MARTIN: Well, one of the things I found compelling about the film, for myself, is that - the interviews with both people where they wanted respect. With people on both sides of the argument who really wanted to be respected for their point of view. I mean, on the anti-marriage equality side, one of the interviews I found compelling were with some of the pastors who were disturbed by the idea that it was just assumed that they weren't acting under their own agency or out of their own convictions, but that they had to have been, you know, paid by rich white people.

RICHEN: Sure.

MARTIN: And how insulting that they found that.

RICHEN: Sure.

MARTIN: You know, and on the other side, the people who were either gay or who supported marriage equality, you know, their argument that people just kind of assume that they hadn't thought about it carefully. Or that it really wasn't a matter of deep conviction for them also.

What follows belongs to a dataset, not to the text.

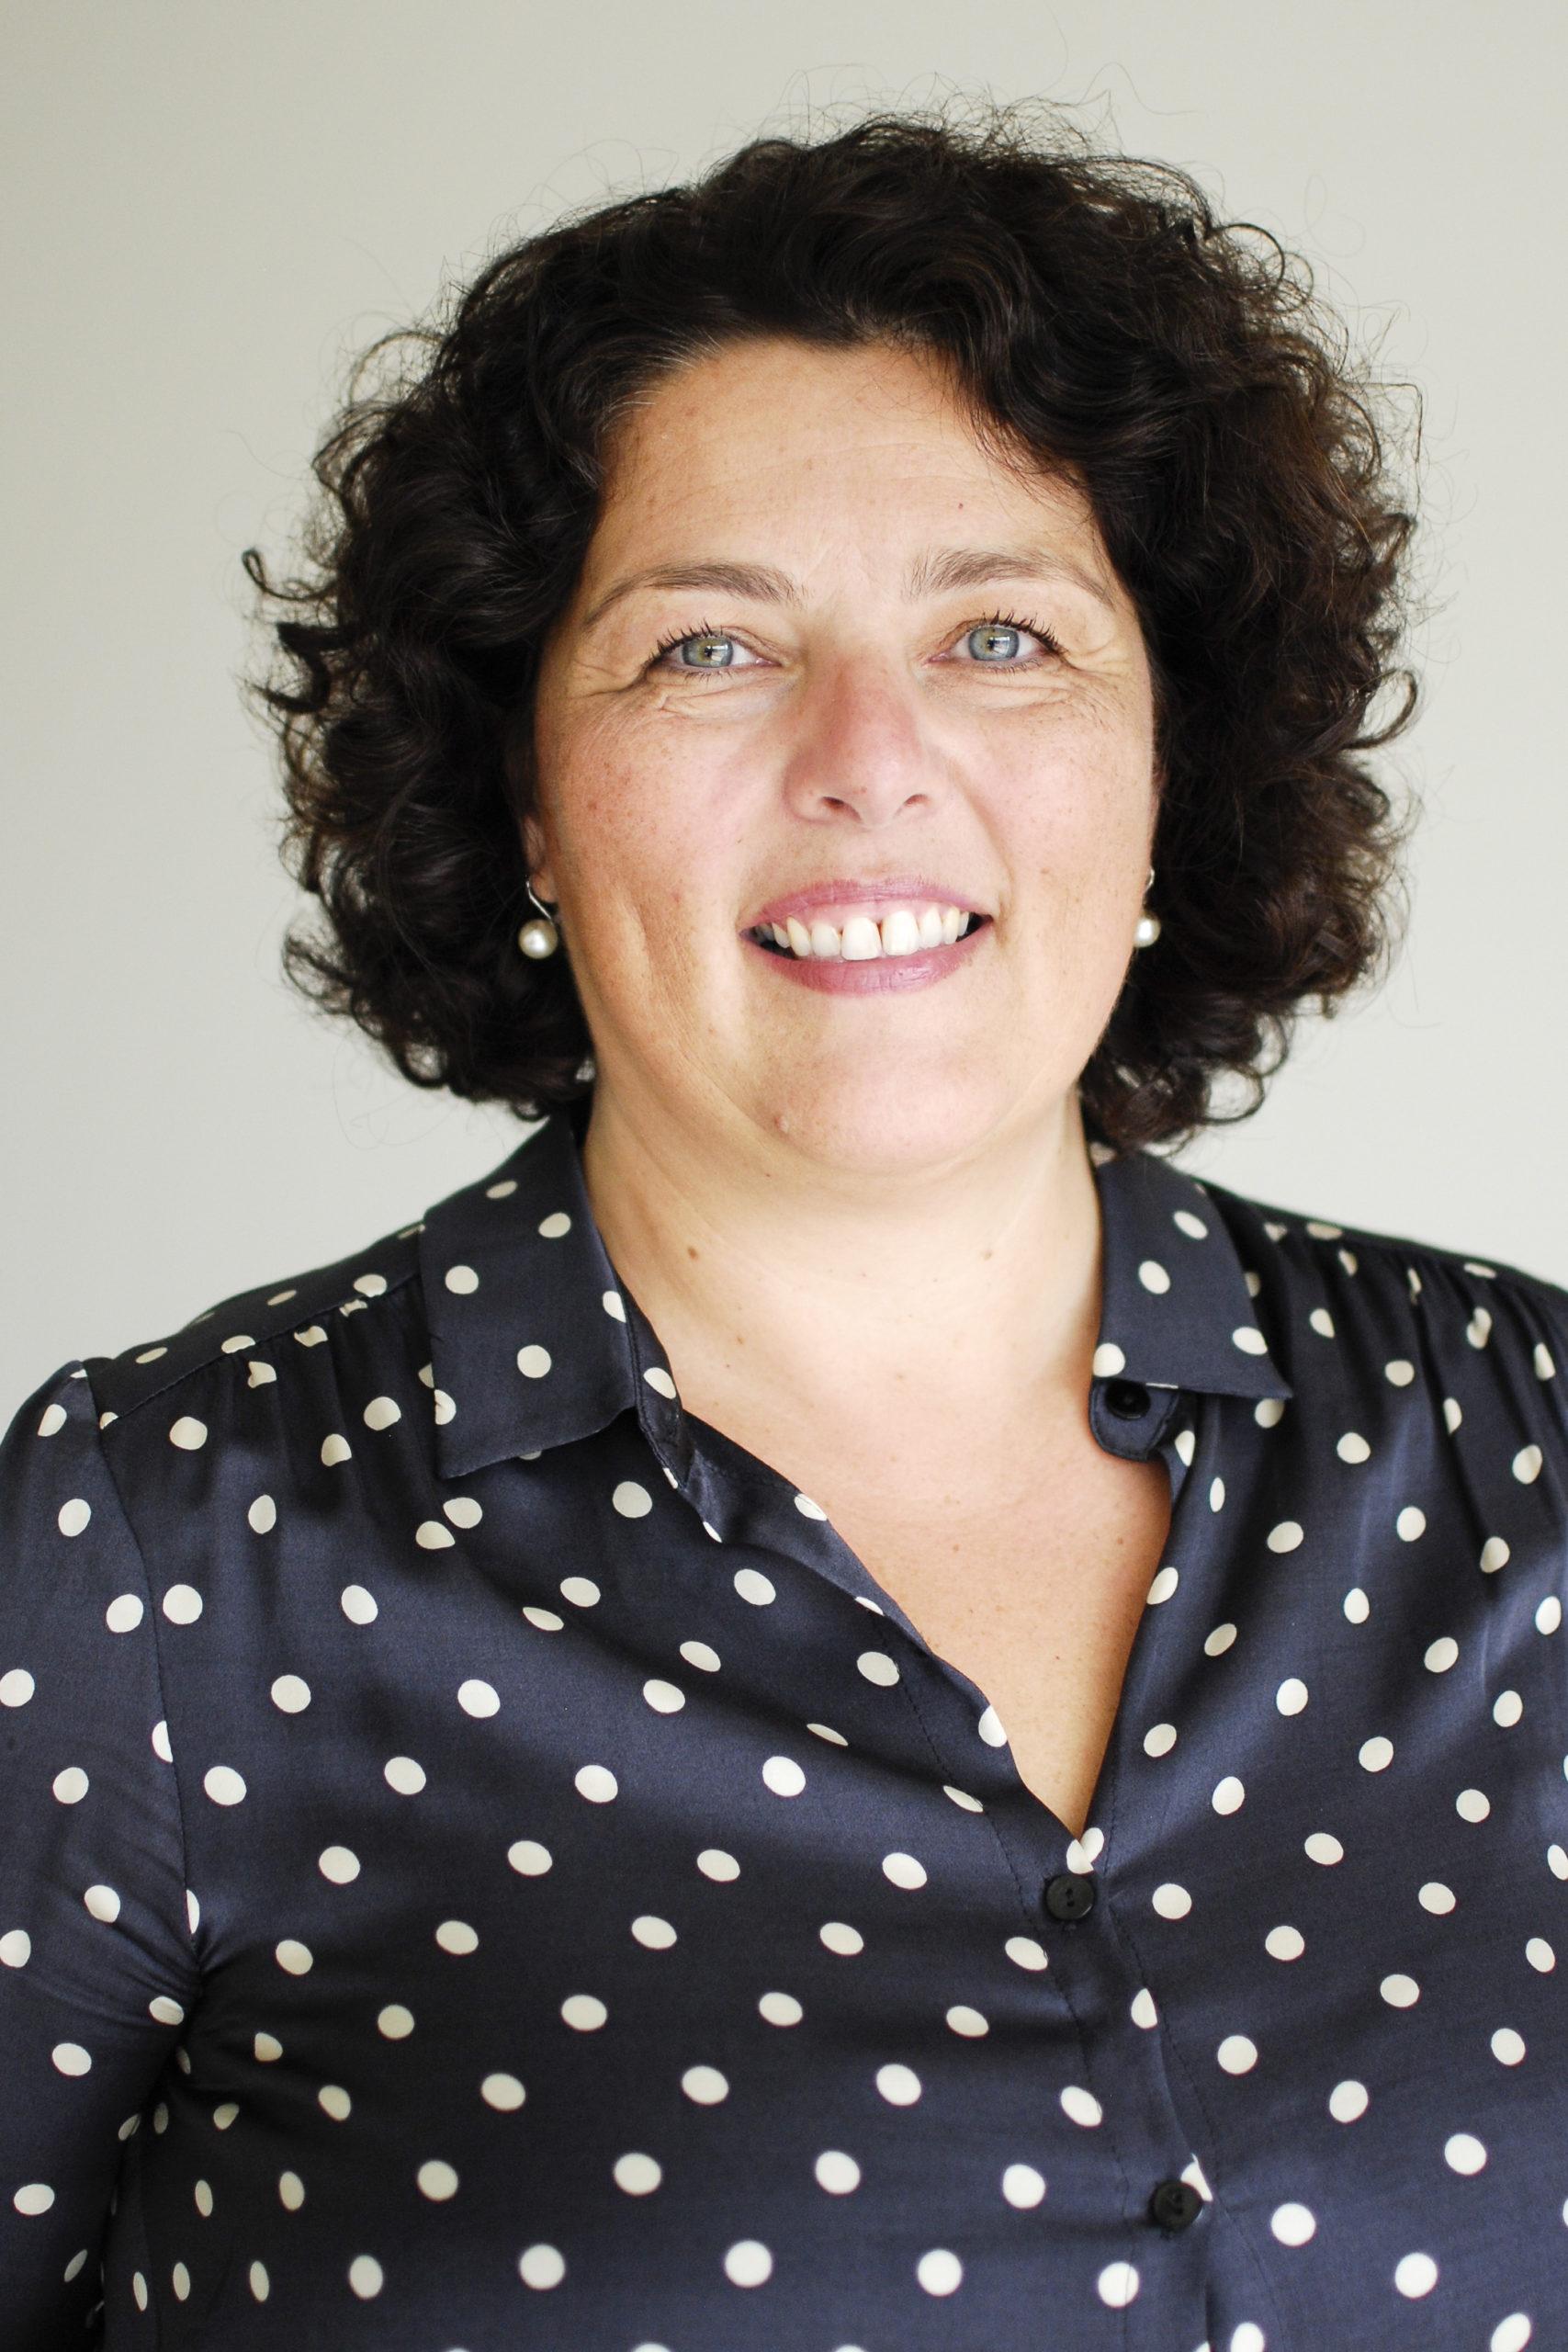 Nathalie De Smet

Have people - have the different people in the film had a chance to see it? I would be curious about what their reaction would be, since you film each of them kind of doing their own thing separately. But a lot of these people were related, you know, they had a lot of connections. And Maryland is not a large state, you know, you can drive around it in the course of a day.

RICHEN: Right, right. Exactly.

MARTIN: And I was wondering whether any of the people who've seen it, who were pictured in the film, have they talked of any of these people on the other side?

RICHEN: Well, we are actually - that's going to be happening. We've just - we've literally just finished the film. And so that is something that's going to be happening and I'm very excited for that conversation to happen between, you know, those different sides. And, especially, the folks who were working against the bill.

And I just want to say too - you said the thing about respect and this, you know, I think the way that we've put these rights, and especially marriage equality, up for vote and for a prop - you know, in these propositions or these referendums or these initiatives - that also doesn't necessarily bring out, you know, that conversation and dialogue that helps us move towards a greater understanding.

But, you know, that's where we are in terms of our political system. And so that's also why I chose to do this story, because you have these soundbites and you have these, you know, things that you see on the news sort of charting what the polls are. But how do we get to, you know, further conversation? And, as you said, it's within our own families sometimes - these differing views and these different conversations. And we show that in the film.

MARTIN: Yoruba Richen is the producer and director of the documentary "The New Black." It premiered at the L.A. Film Festival over the weekend. It will be featured in a number of film festivals coming up this summer. And we caught up with her at our studios at NPR West in Culver City, California. Yoruba, thank you so much for speaking with us.